Source data:

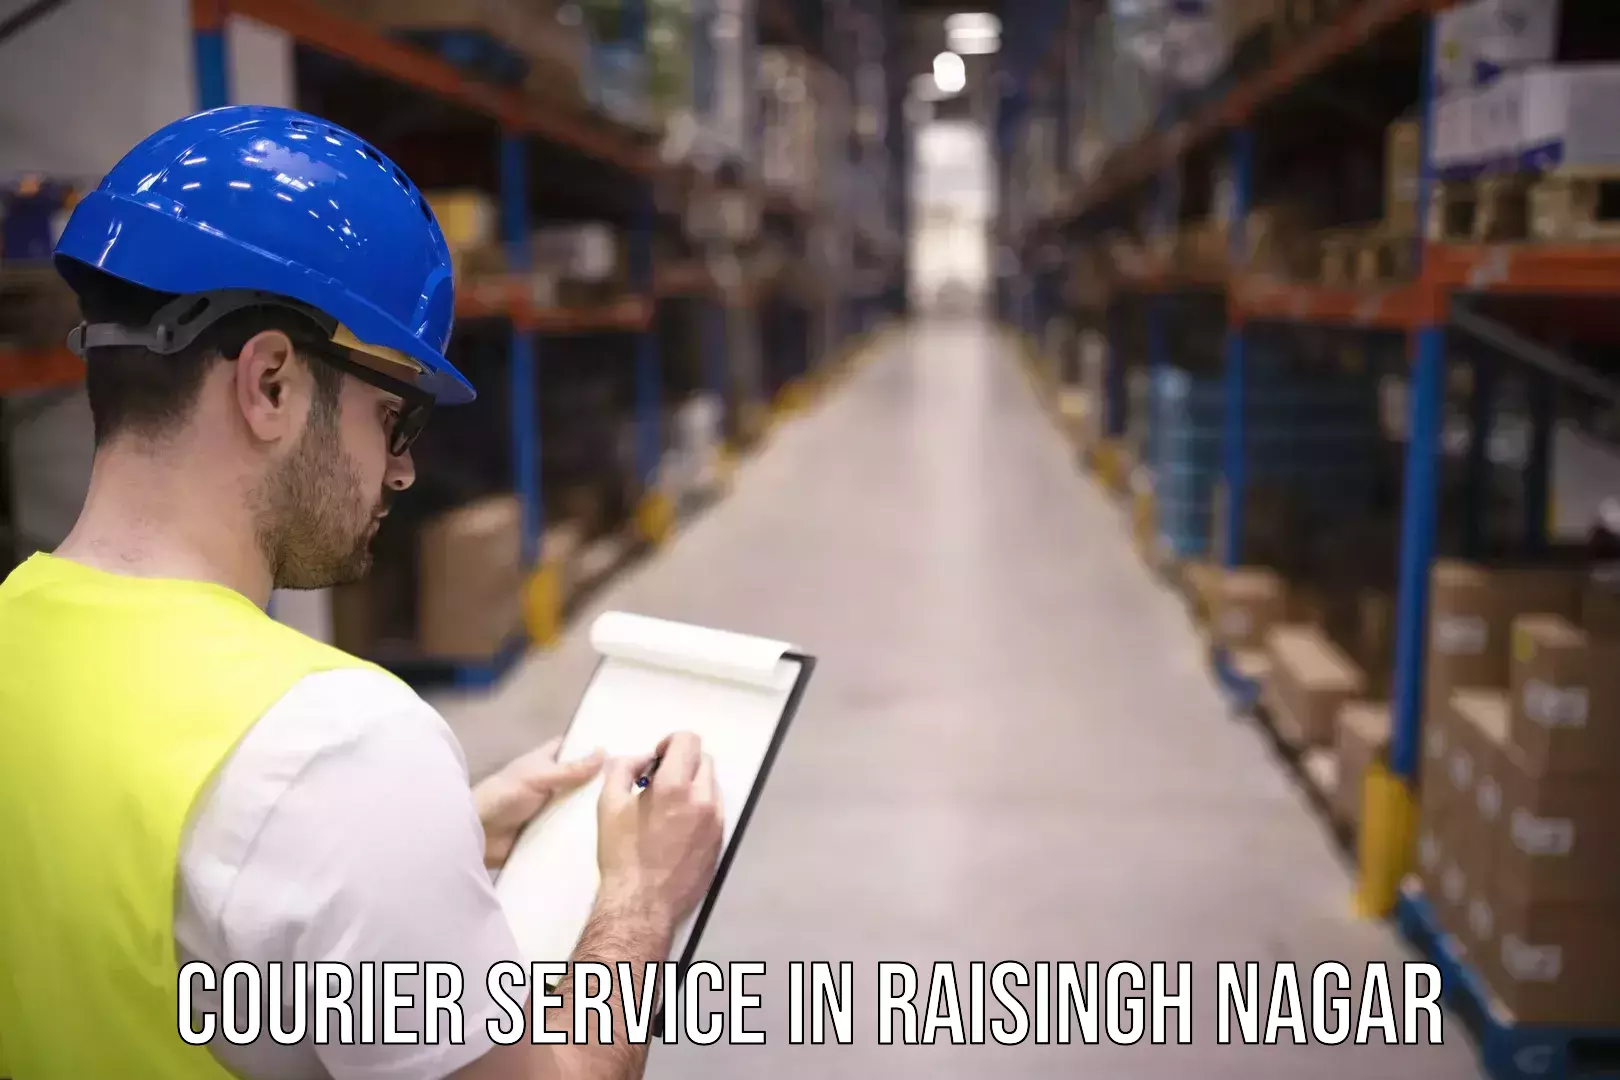 Fast shipping solutions in Raisingh Nagar
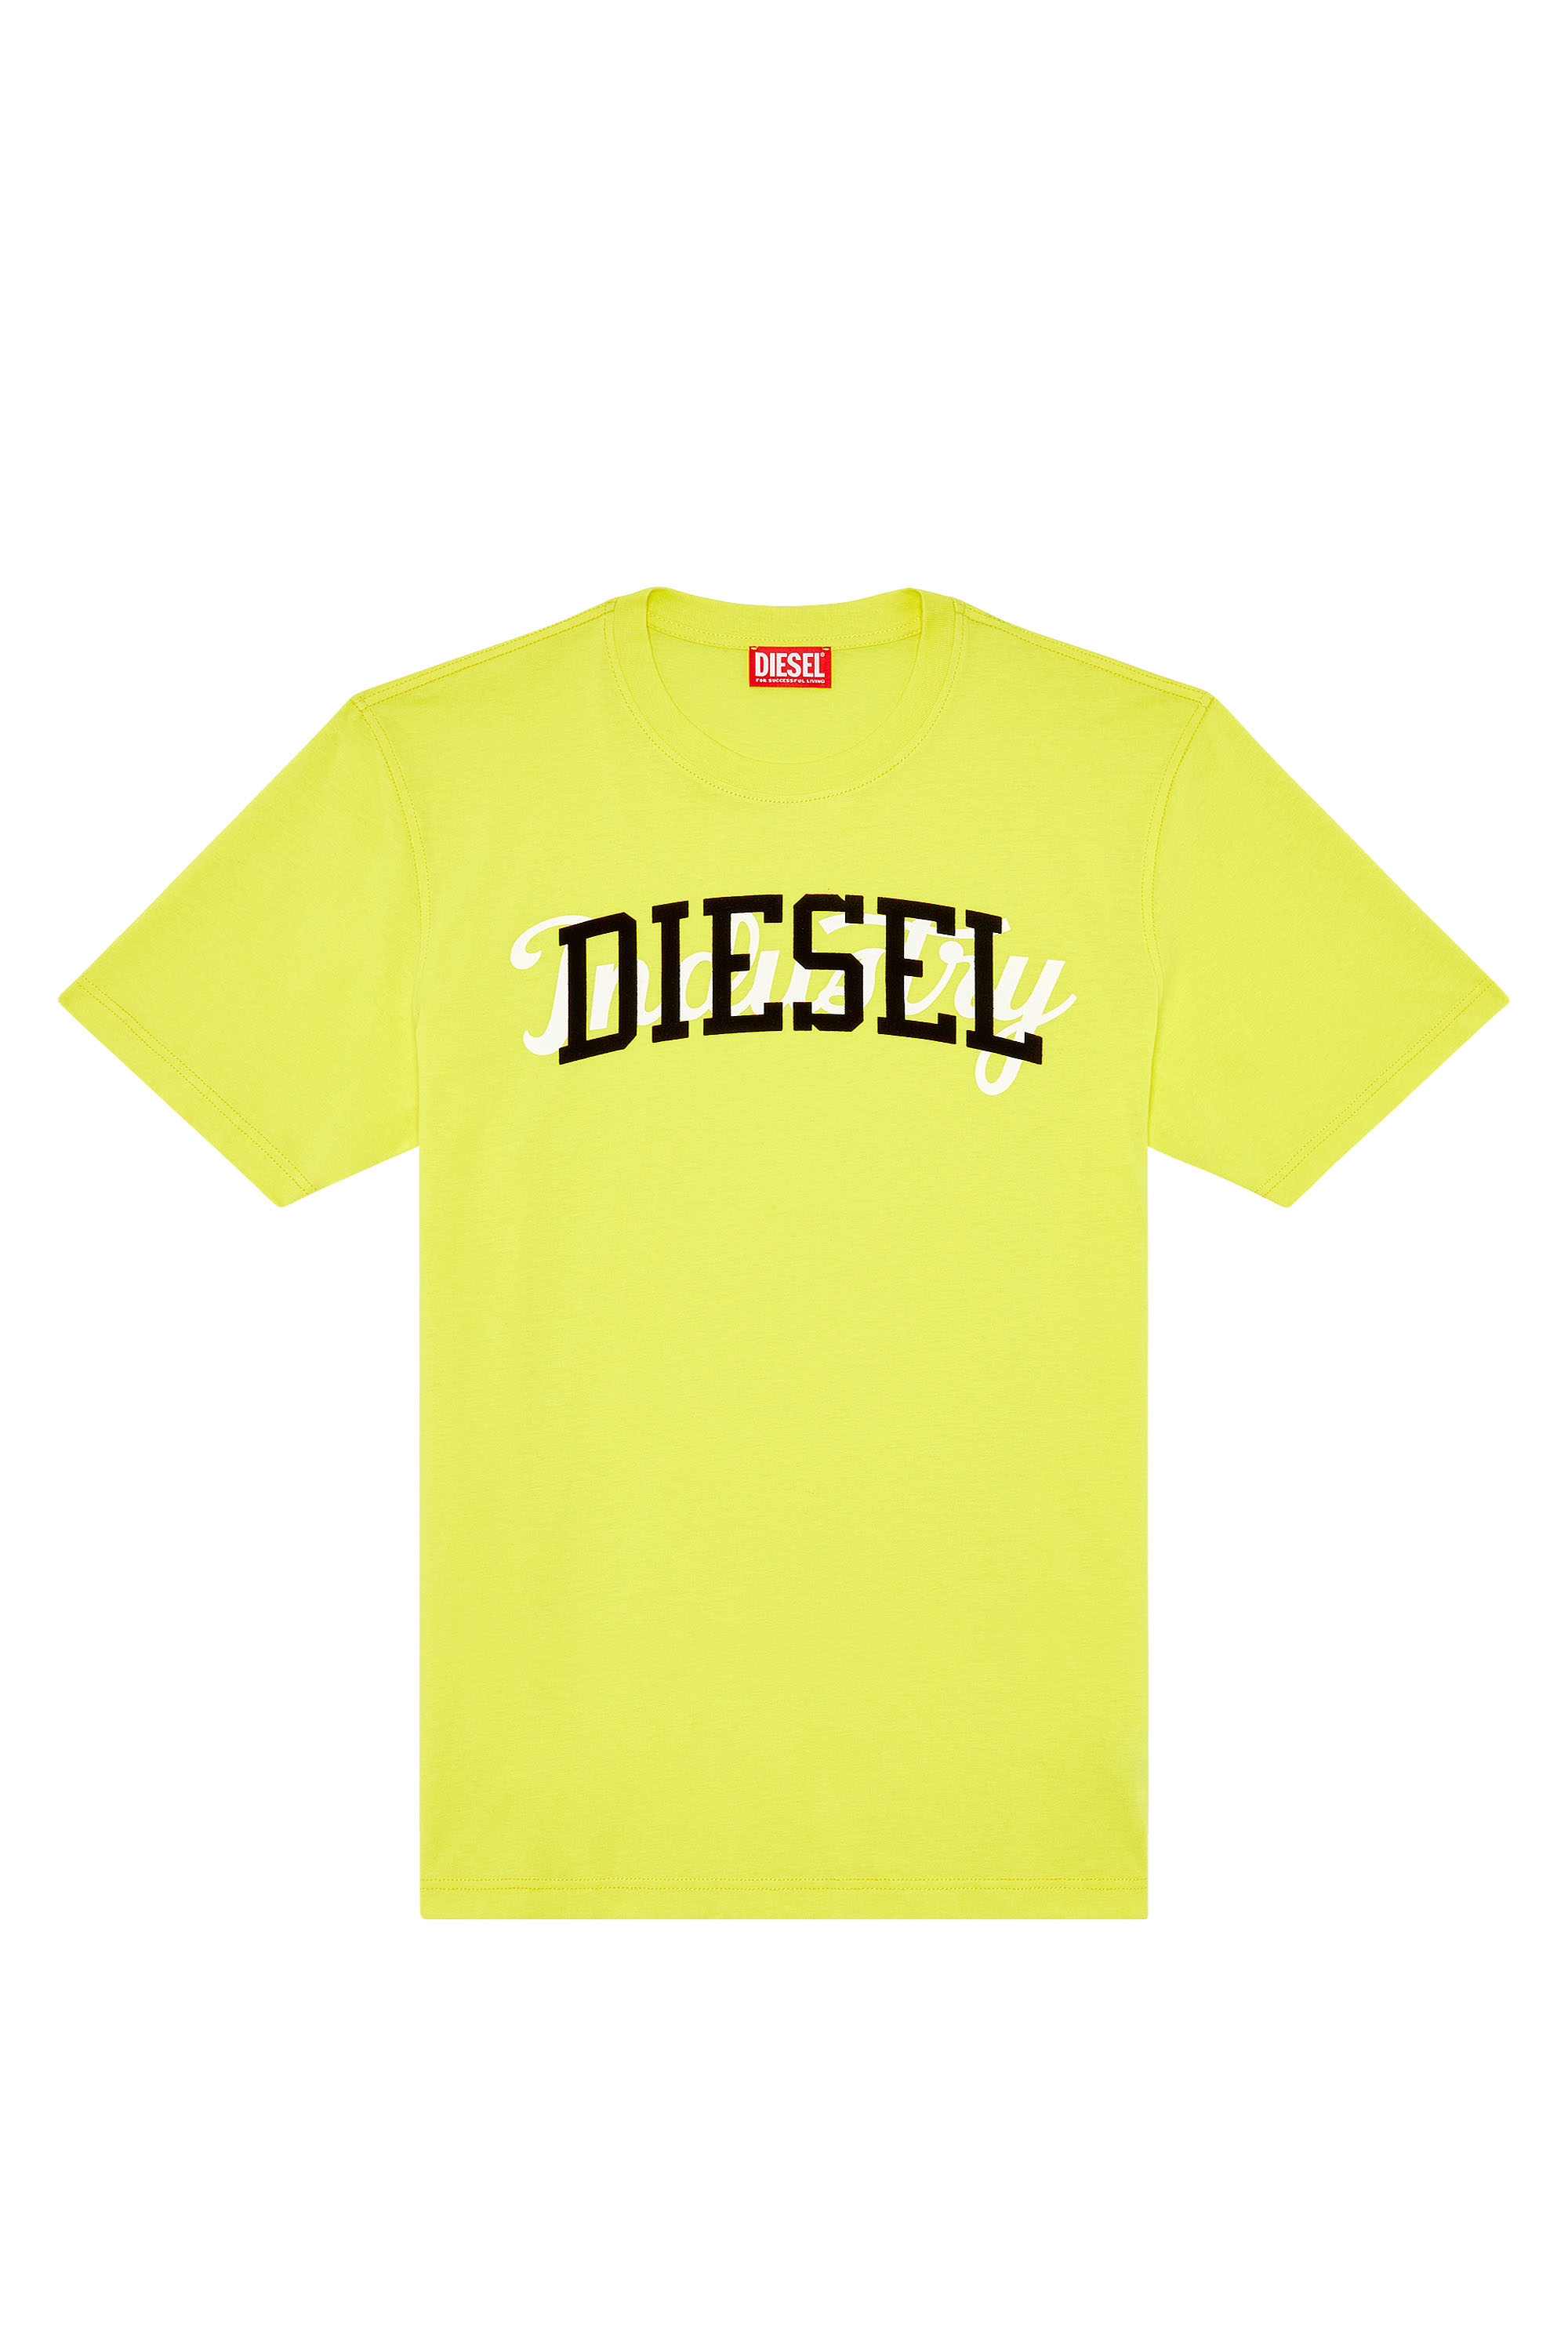 Diesel - T-JUST-N10, Giallo - Image 3
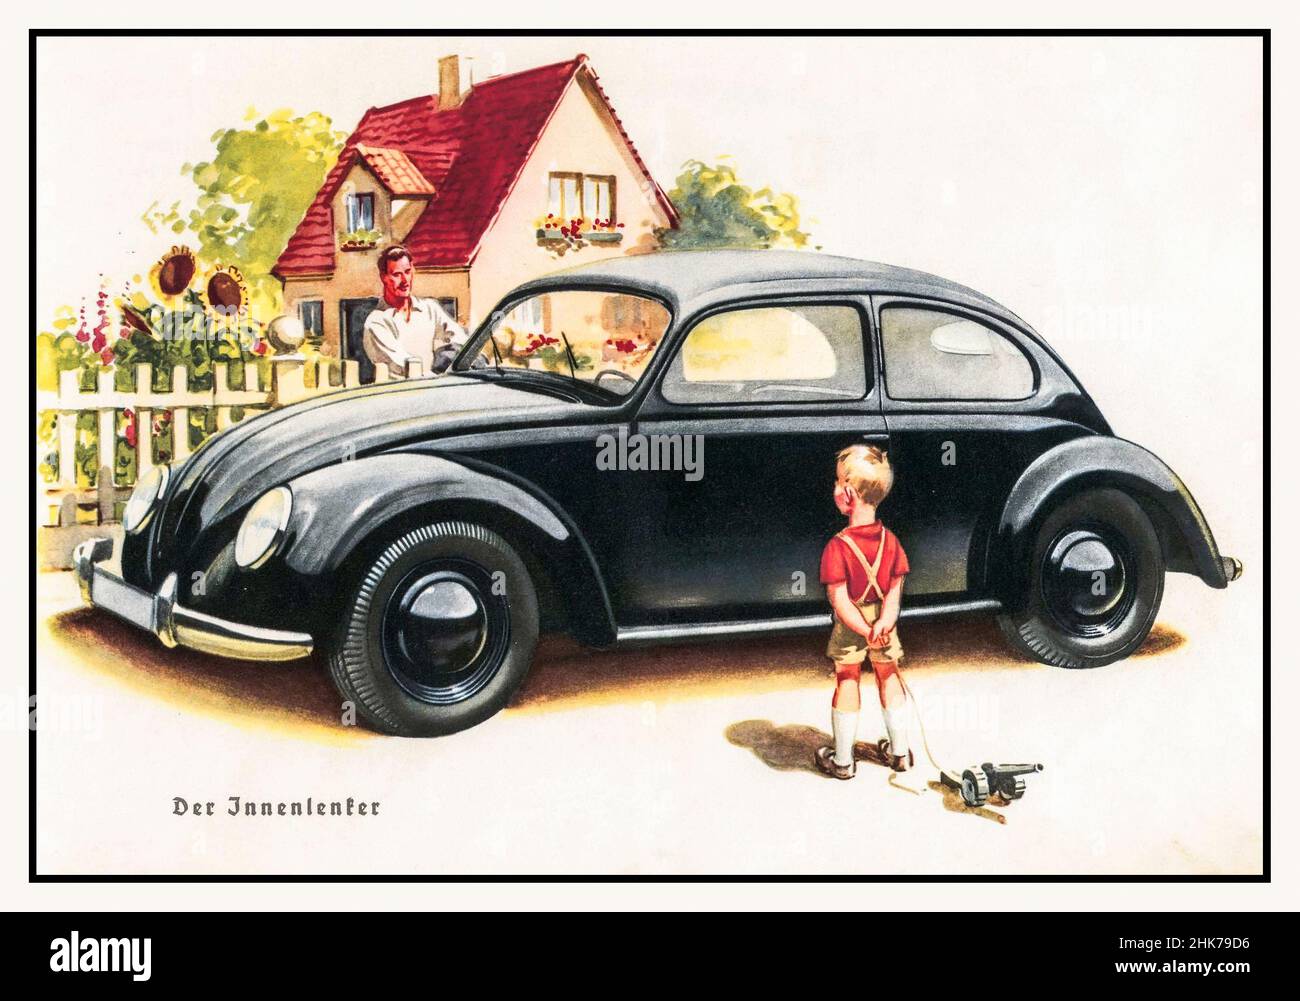 KDF Wagen 1930s pubblicità Volkswagen KDF Wagen, illustrazione dal manuale della prima Volkswagen / Beetle, 1939. Disegno: Ferdinand Porsche. Adolf Hitlers popoli auto che illustrano uno stile di vita idealistico sotto il regime nazista Foto Stock

Your task: Return to the listing above and set it down exactly, leaving out its pictures.

Exercise response:
 Fast shipping solutions in Raisingh Nagar
 Diesel - T-JUST-N10, Giallo - Image 3
 KDF Wagen 1930s pubblicità Volkswagen KDF Wagen, illustrazione dal manuale della prima Volkswagen / Beetle, 1939. Disegno: Ferdinand Porsche. Adolf Hitlers popoli auto che illustrano uno stile di vita idealistico sotto il regime nazista Foto Stock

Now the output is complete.